Hi there Aunt Vadge,
Last week my boyfriend and I had sex for five hours. My labia was bleeding, sore and stinging afterwards, unexpectedly. I didn’t think much of it, but it didn’t stop bleeding, so I went to the ER, and they said I had tears/sores in my vagina and on my labia.
I had a swab for herpes that came back negative – but I do have lichen planus, and I went through menopause at about 30. The other day we had sex for five hours again and the same thing happened. I’m still scared it’s herpes, even with the blood test too.
Can it be herpes?
Thanks,
Stinging
Age 48, USA
Dear Stinging,
Let’s settle the herpes fear firmly first: you almost certainly do not have herpes. You’ve had a negative swab and a negative blood test, and herpes antibody blood tests are reliable (false negatives are uncommon), so between the two you’re well covered – and just as importantly, the picture you describe doesn’t fit herpes anyway.
Herpes is painful clustered blisters and ulcers, not friction tears and bleeding brought on specifically by very long sex. So please put that worry down.
What’s actually happening is mechanical, and it makes complete sense given two things you mention: you have lichen planus, and you went through menopause at around 30.

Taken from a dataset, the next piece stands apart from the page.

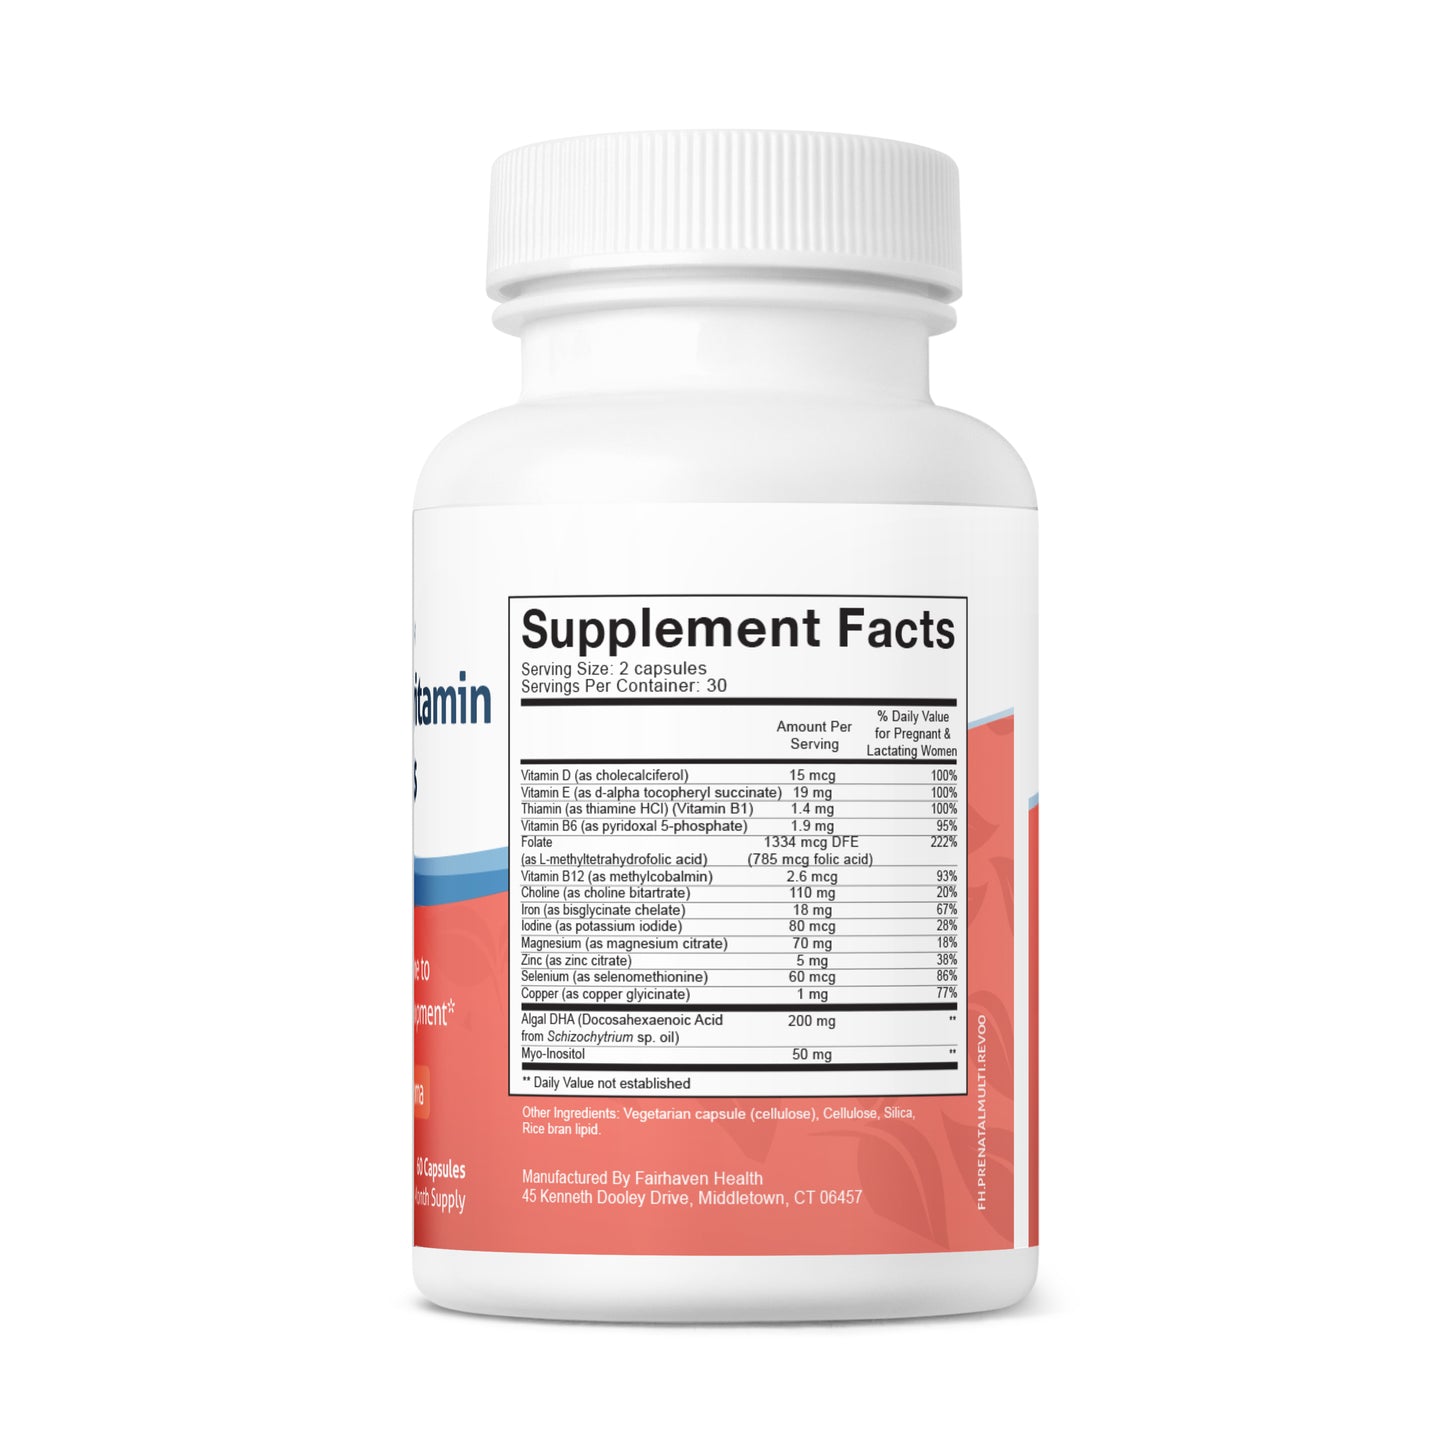 Fairhaven Health Prenatal Multivitamin Essentials Supplement Facts panel on bottle.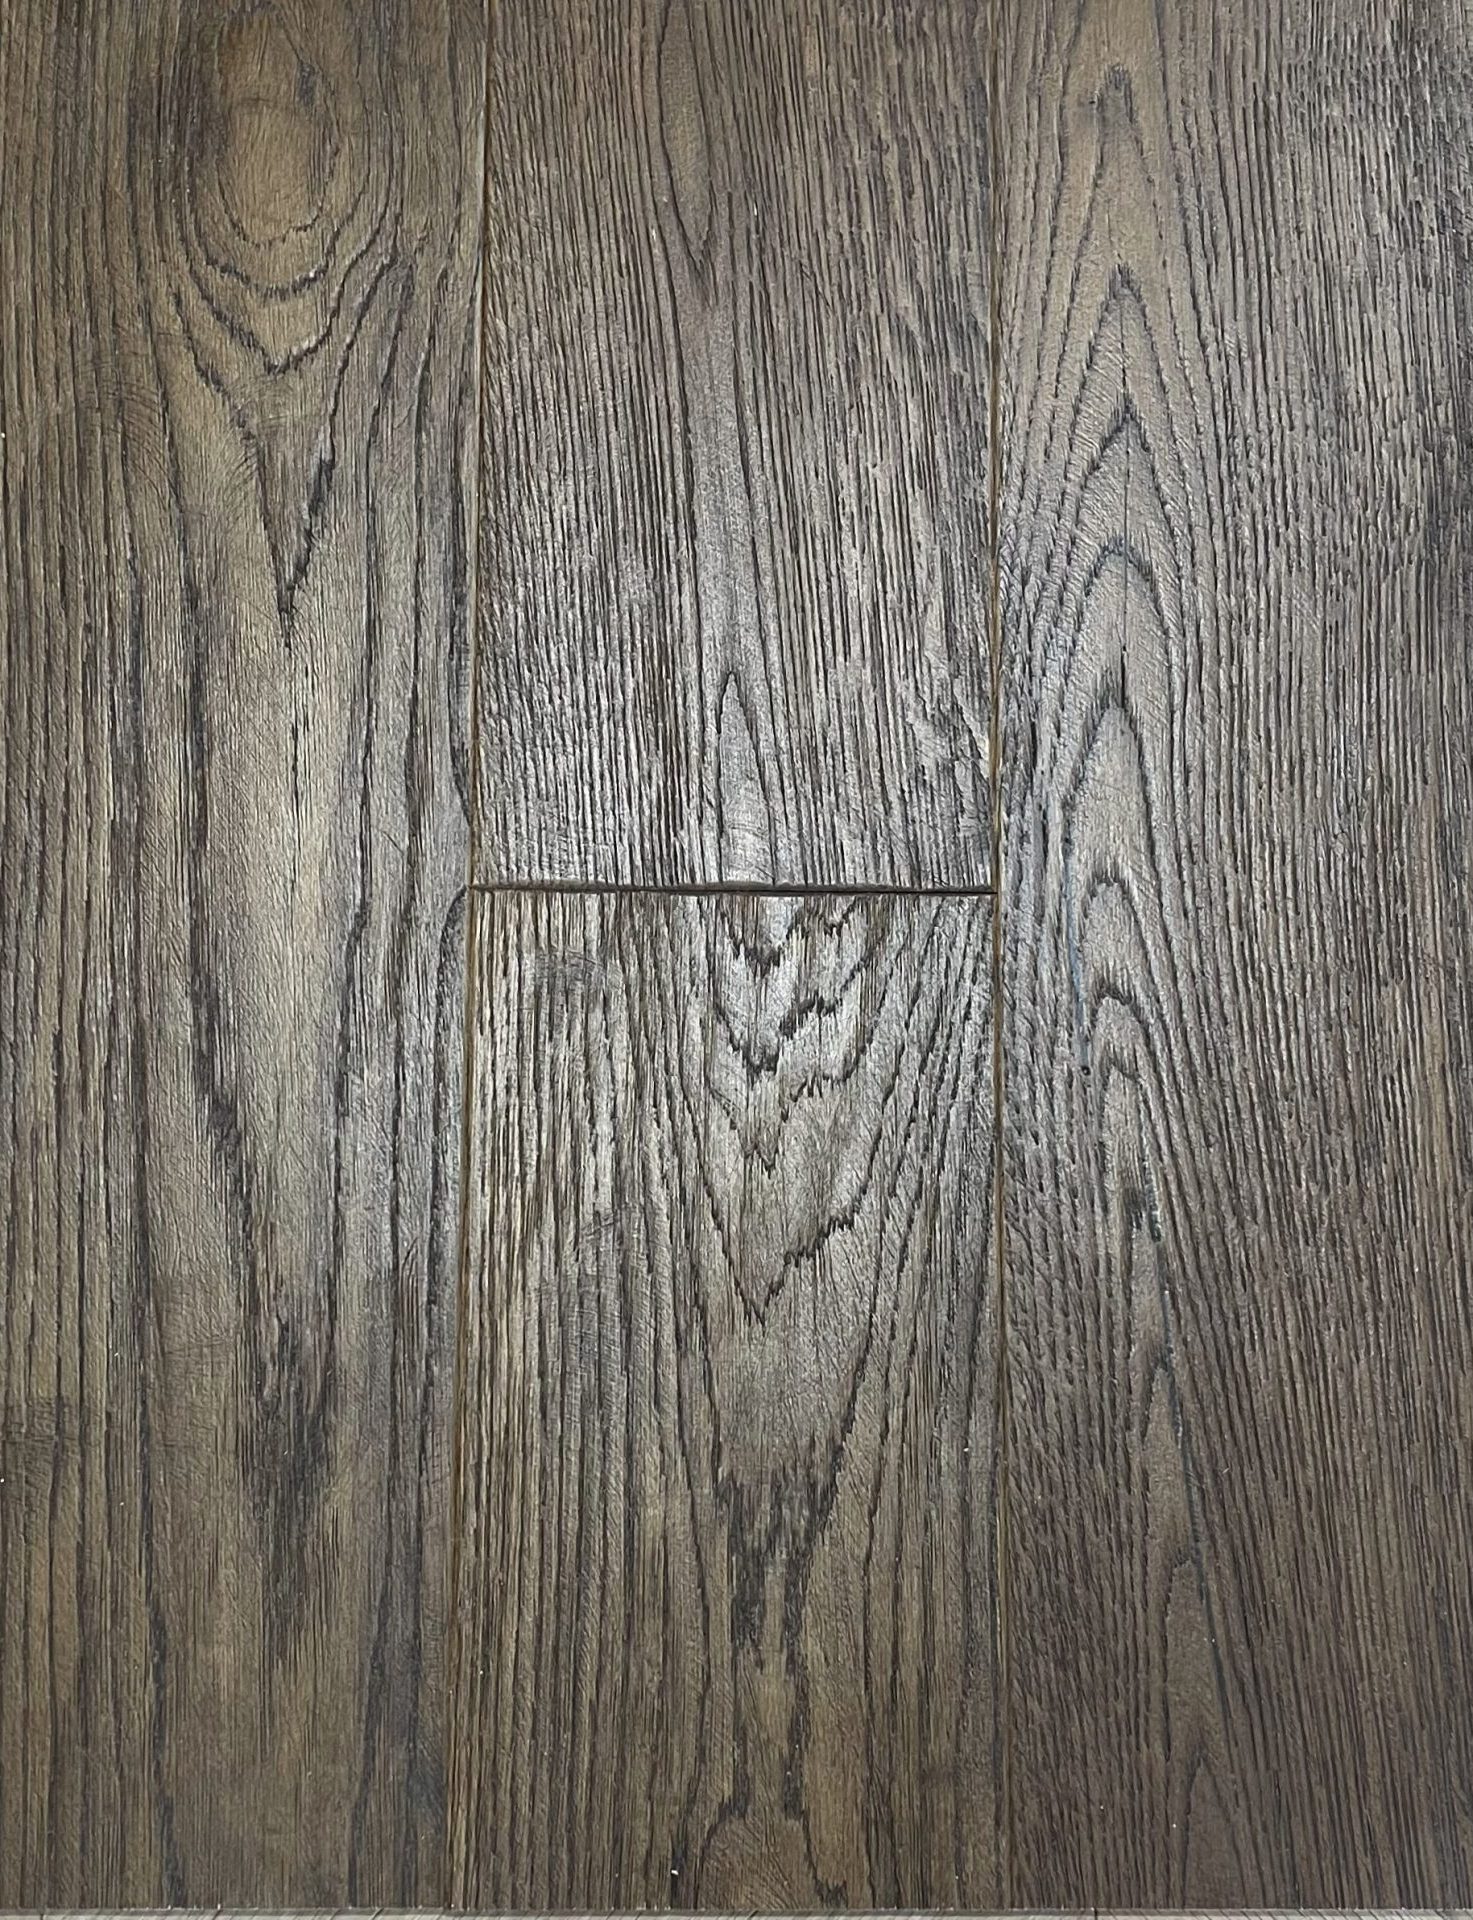 St. Donats Vintage Oak 3/14 x 190mm x 1900mm Distressed Hard Wax Oiled Wood Flooring

Both leave the vulval and vaginal tissue thinner, more fragile and slower to heal than average – and five hours of intercourse is a marathon of friction that would challenge even robust tissue, let alone fragile, low-oestrogen, lichen-planus skin. So it tears, stings and bleeds, twice now, for exactly that reason.
The fixes follow from that: keep your lichen planus well managed with your dermatologist or vulval specialist, since the right prescribed treatment keeps the skin as resilient as possible; talk to your doctor about local (vaginal) oestrogen given your very early menopause, because rebuilding that tissue makes an enormous difference to fragility and comfort; and use plenty of good lubricant.
And gently – five-hour sessions are simply too much for your tissue right now; shorter, well-lubricated, with breaks, will let you enjoy it without the aftermath. If the tearing keeps happening despite all that, a vulval clinic can check whether the lichen planus needs a treatment tweak.
You’re not dealing with anything sinister – just fragile tissue that needs a bit more care than it’s been getting.
Warmest regards,
Aunt Vadge
This is general information based on current research and our clinical experience, not a substitute for personalised medical advice.